Sports Illustrated is the latest publication to face scandalous revelations about its use of AI to produce articles. More precisely, SI claims that it innocently bought AI-generated articles from AdVon, which AdVon claims were human-written even though they had fake authors with fake headshots and fake bios. One seasoned sportswriter pointed out that “The conventions of sports writing—the who, what, when, where and how—are so established at this point that they are unusually easy to emulate by a robot,”
But SI is not the only miscreant to use generative AI content without copping to it. Pew Research found that about 20% of kids who know about ChatGPT have used it to help with their homework. The proportion is higher for more affluent kids, and these are the kids who are most likely to have heard of ChatGPT in the first place. AI tools give them yet another advantage over the young people on the other side of the digital divide.
And it’s not just school and leisure that are being affected by AI dishonesty. Lawyers have used ChatGPT to write up briefs, since automating jobs that are dull, dirty, and dangerous is normal behavior. Unfortunately, they’ve repeatedly found that their robot helper makes thing sup, including cases cited as precedents. In a case that threatened sanctions for the lawyer discovers using AI, the attorney explained that he “did not understand it was not a search engine, but a generative language-processing tool.”
Regulations?
This kind of issue doesn’t come up in manufacturing. Our use of automation is straightforward. We don’t pretend that an artisan painstakingly hand-carved the goods we churn out in our factories. When we use AI to plan maintenance or to optimize workflow, we’re more likely to brag about it than to hush it up.
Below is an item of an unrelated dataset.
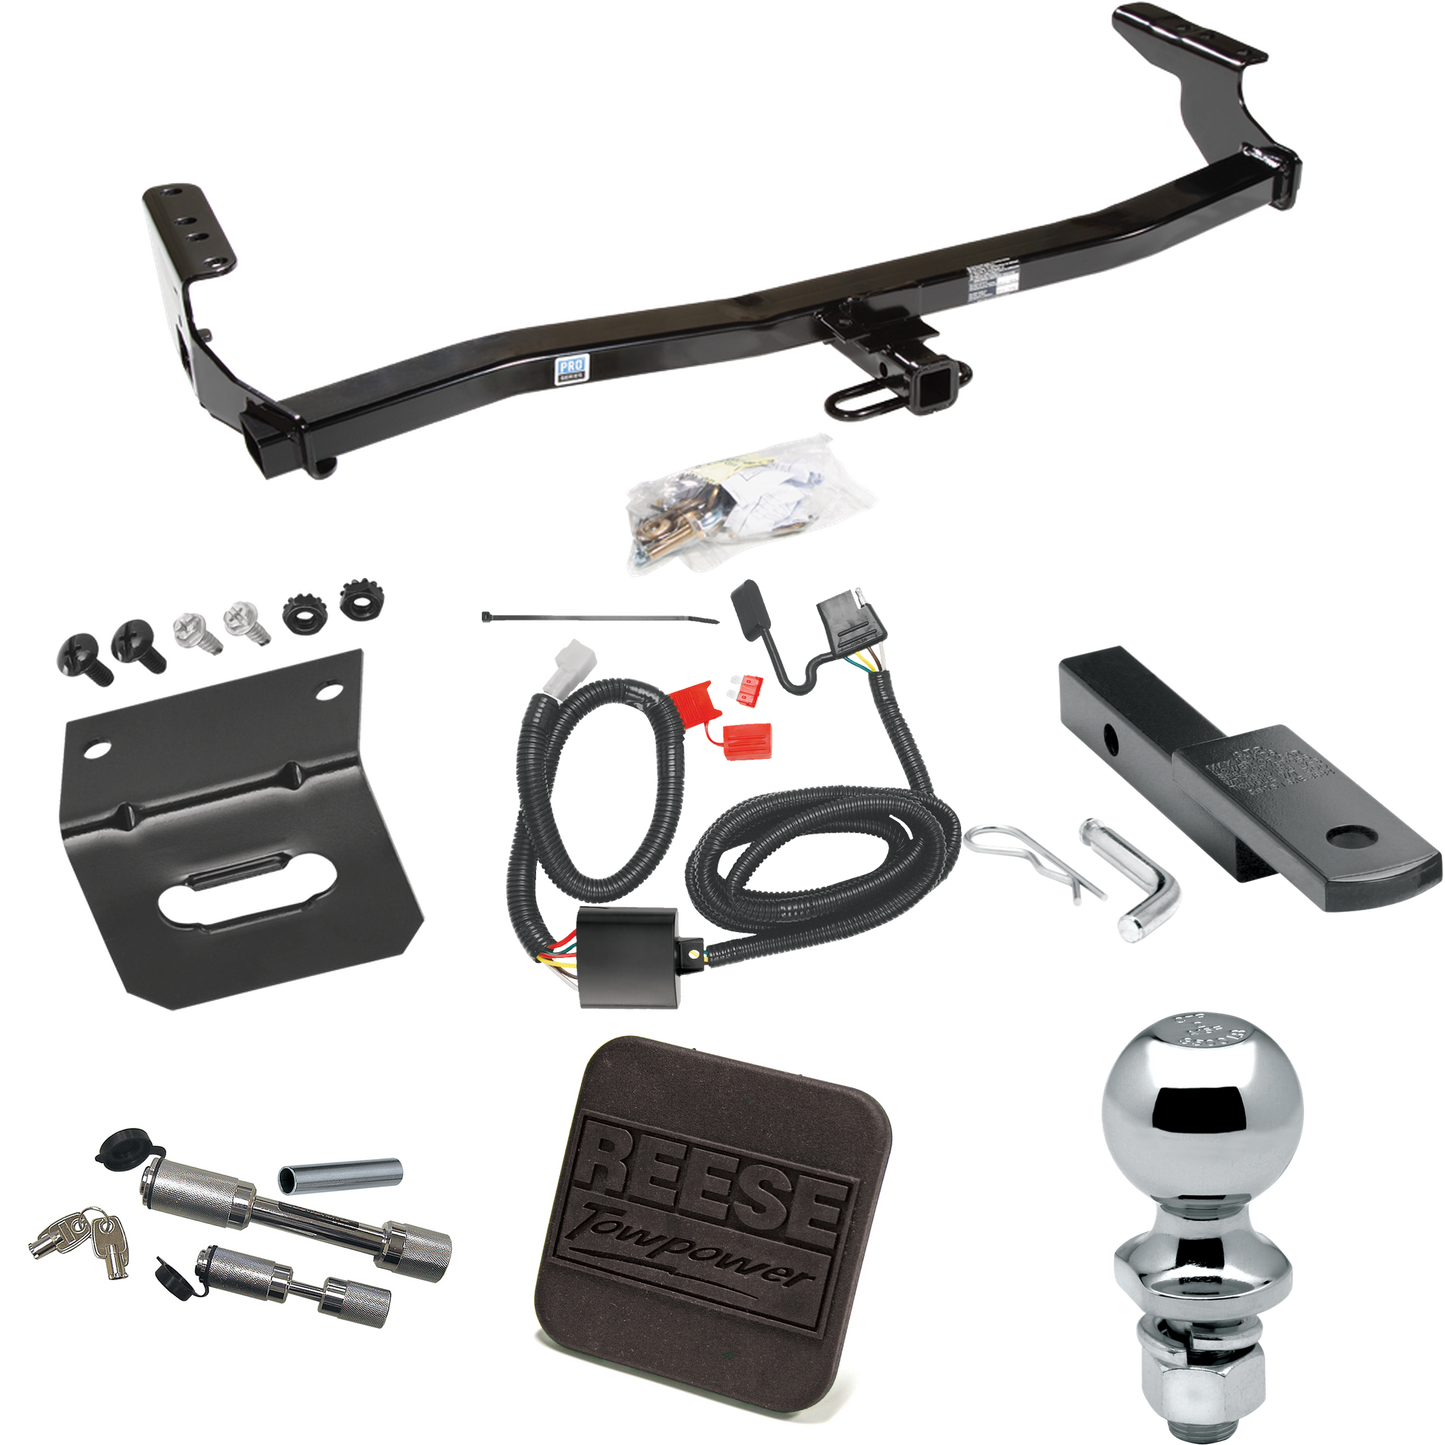 Fits 1998-2008 Subaru Forester Trailer Hitch Tow PKG w/ 4-Flat Wiring Harness + Draw-Bar + 2" Ball + Wiring Bracket + Hitch Cover + Dual Hitch & Coupler Locks By Reese Towpower

But that’s on the factory floor. Do you use Microsoft Outlook’s email suggestions, sending, “No problem! Have a great day!” with one click instead of thinking through a personal answer? Maybe you’ve got a chatbot at your company website, pretending to be a caring customer service representative when it’s actually powered by an algorithm? Chances are good that you’re using AI somewhere in your hiring process. These actions could trigger complaints if regulations requiring honest admission of AI use were constructed, as has been proposed.
The White House‘s proposed AI regulations require the Secretary of Commerce to come up with ways to do the following things:
(i) authenticating content and tracking its provenance;
(ii) labeling synthetic content, such as using watermarking;
(iii) detecting synthetic content;
They also include this: “In the workplace itself, AI should not be deployed in ways that undermine rights, worsen job quality, encourage undue worker surveillance, lessen market competition, introduce new health and safety risks, or cause harmful labor-force disruptions.” We can imagine ways that covert use of AI could lead to these kinds of issues.
It’s clear that we as a society aren’t fully accepting of the use of generative AI the way we accept the use of calculators. It also seems fairly clear that we don’t have full consensus that all use of AI should be openly acknowledged. We probably need to make decisions about this soon.